• **What the task asks**
Produce a word-for-word copy of the line that contains "MERSI CHEF PERSIAN FOOD" and each line after it through the end of the material, omitting pictures and all other lines.

• **Recorded data**

----

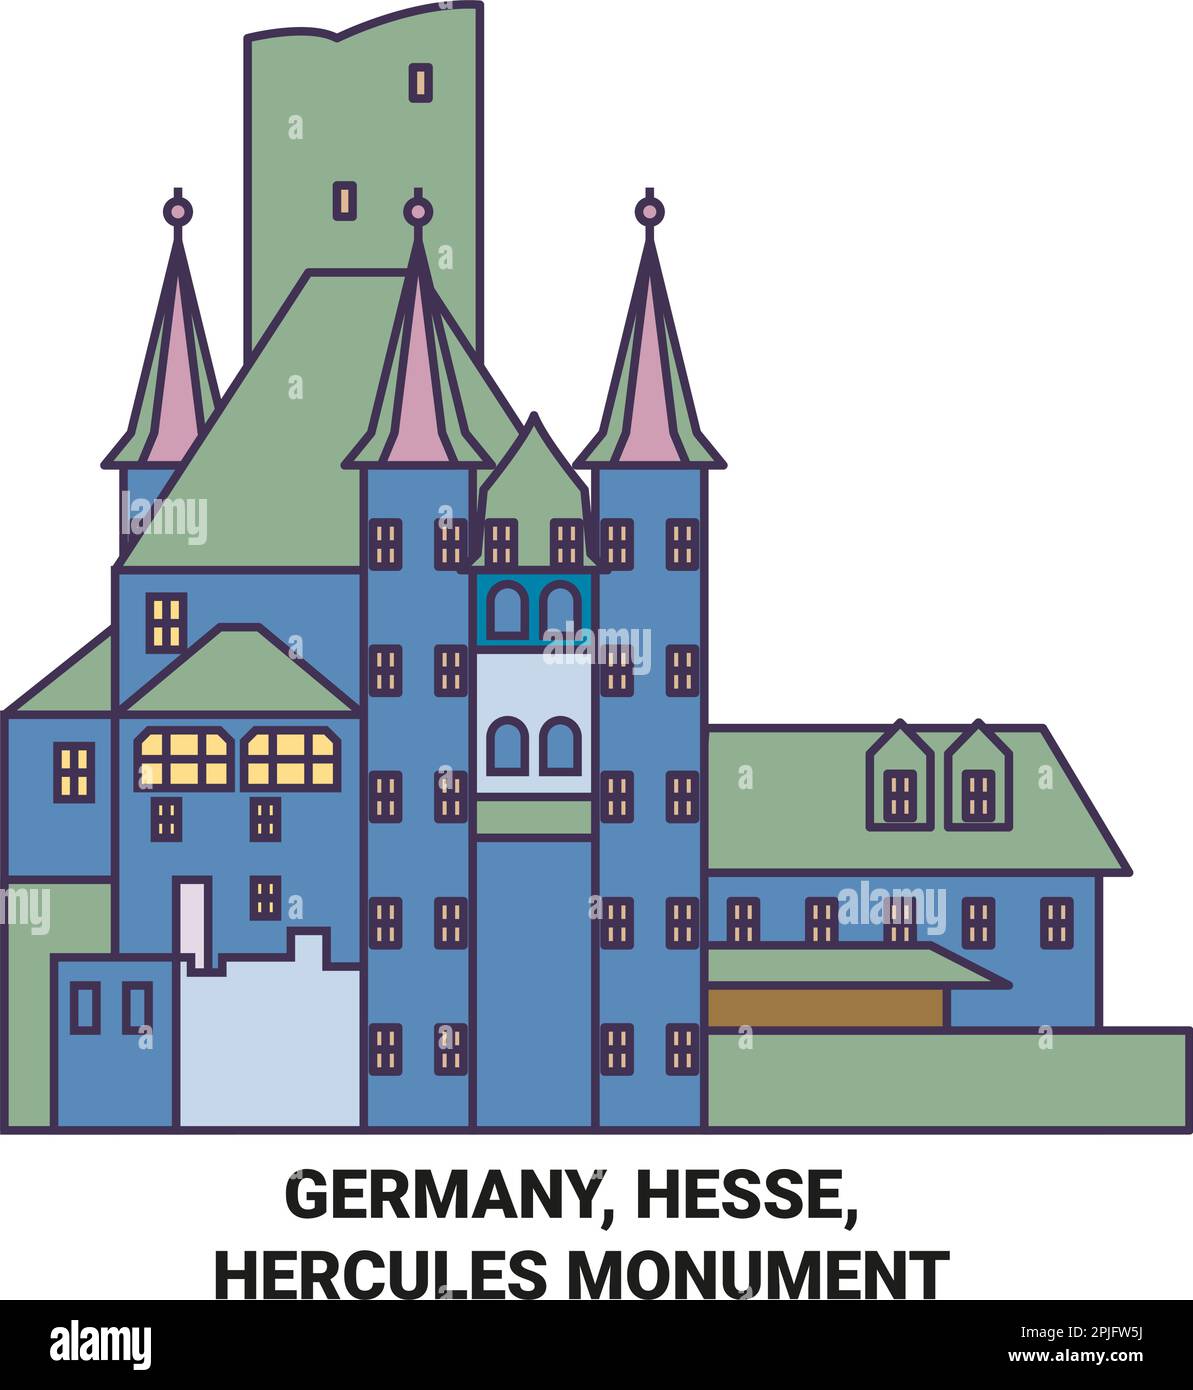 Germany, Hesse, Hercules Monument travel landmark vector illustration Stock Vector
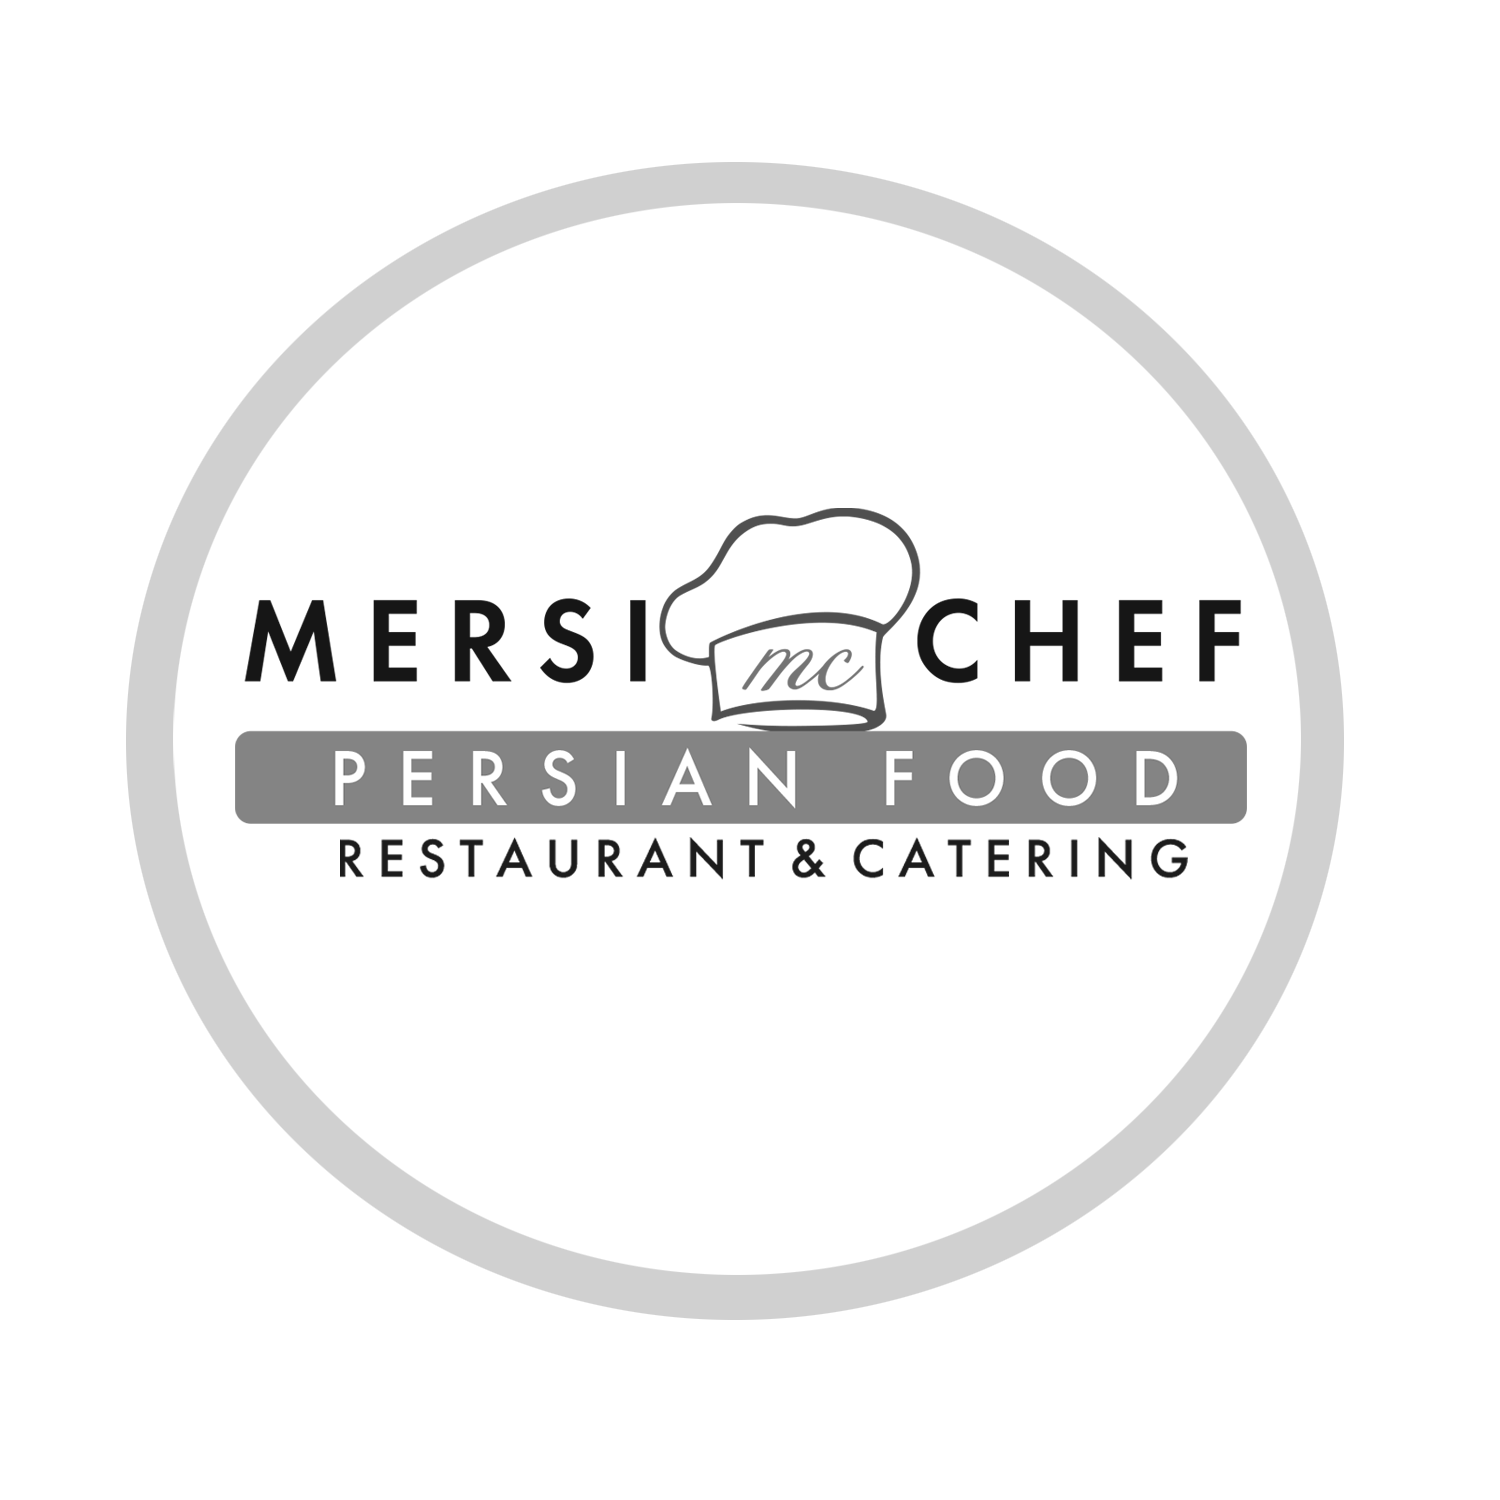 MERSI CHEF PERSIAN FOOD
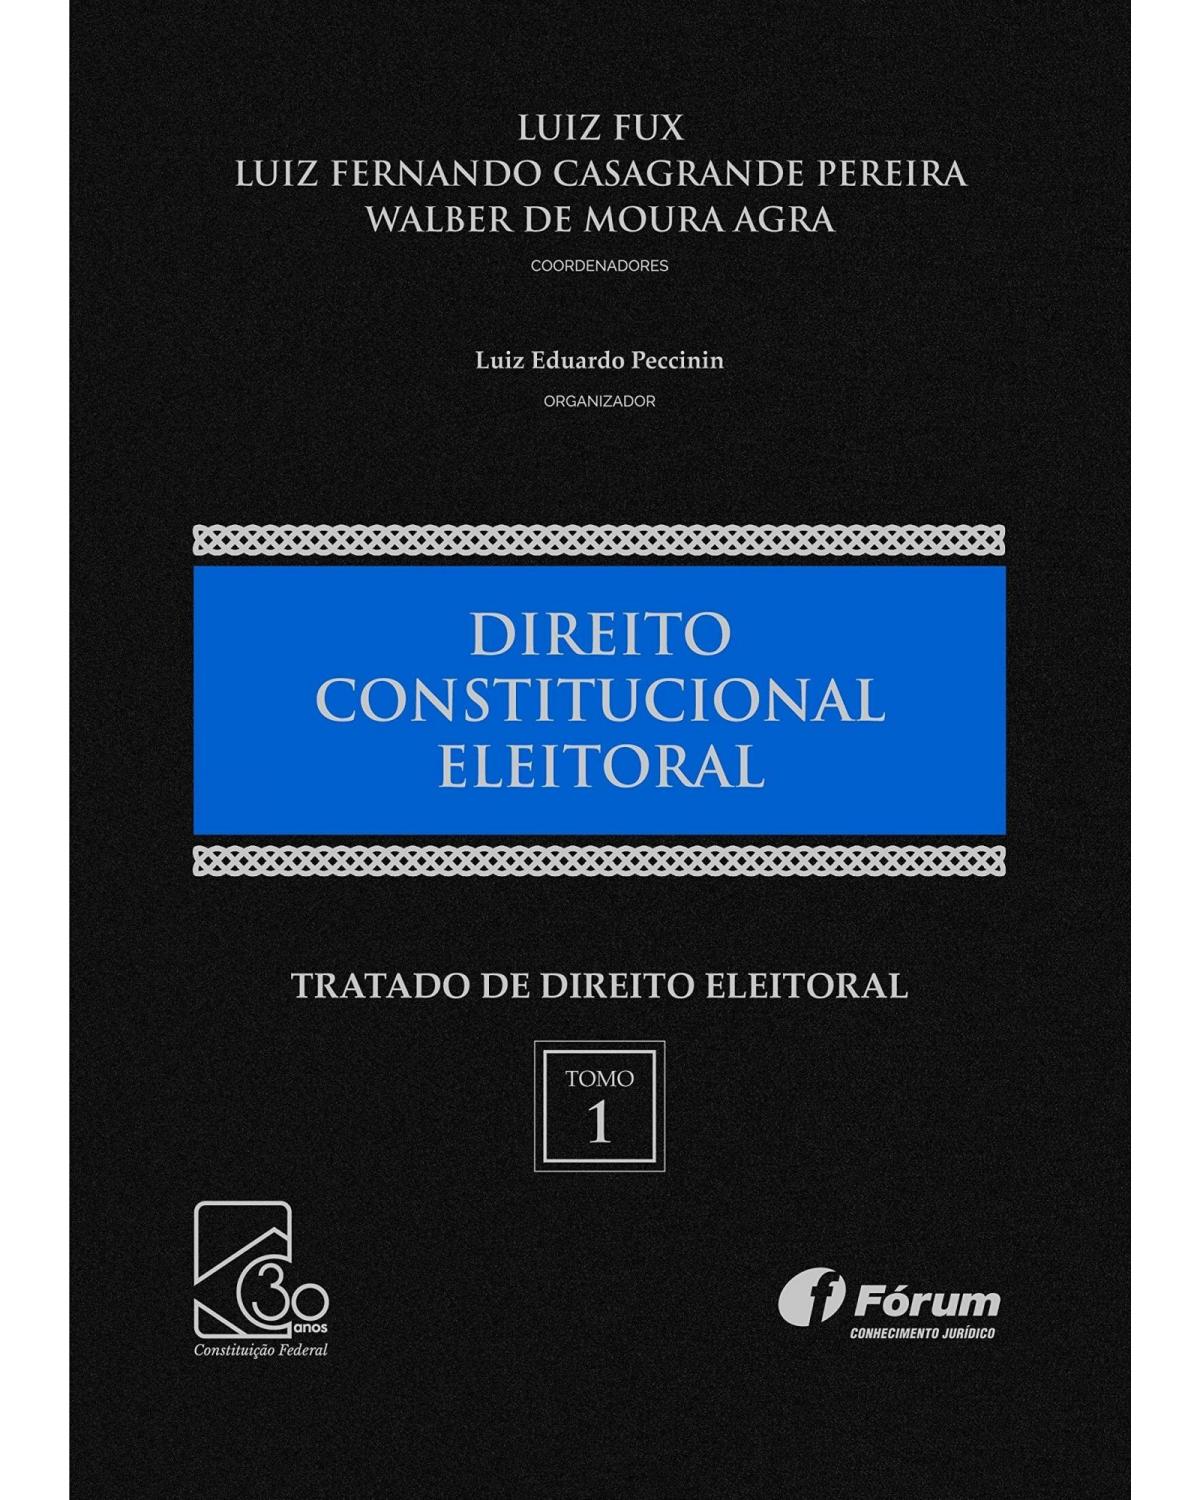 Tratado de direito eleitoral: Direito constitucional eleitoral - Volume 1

----

• **Answer space**
 MERSI CHEF PERSIAN FOOD
 Tratado de direito eleitoral: Direito constitucional eleitoral - Volume 1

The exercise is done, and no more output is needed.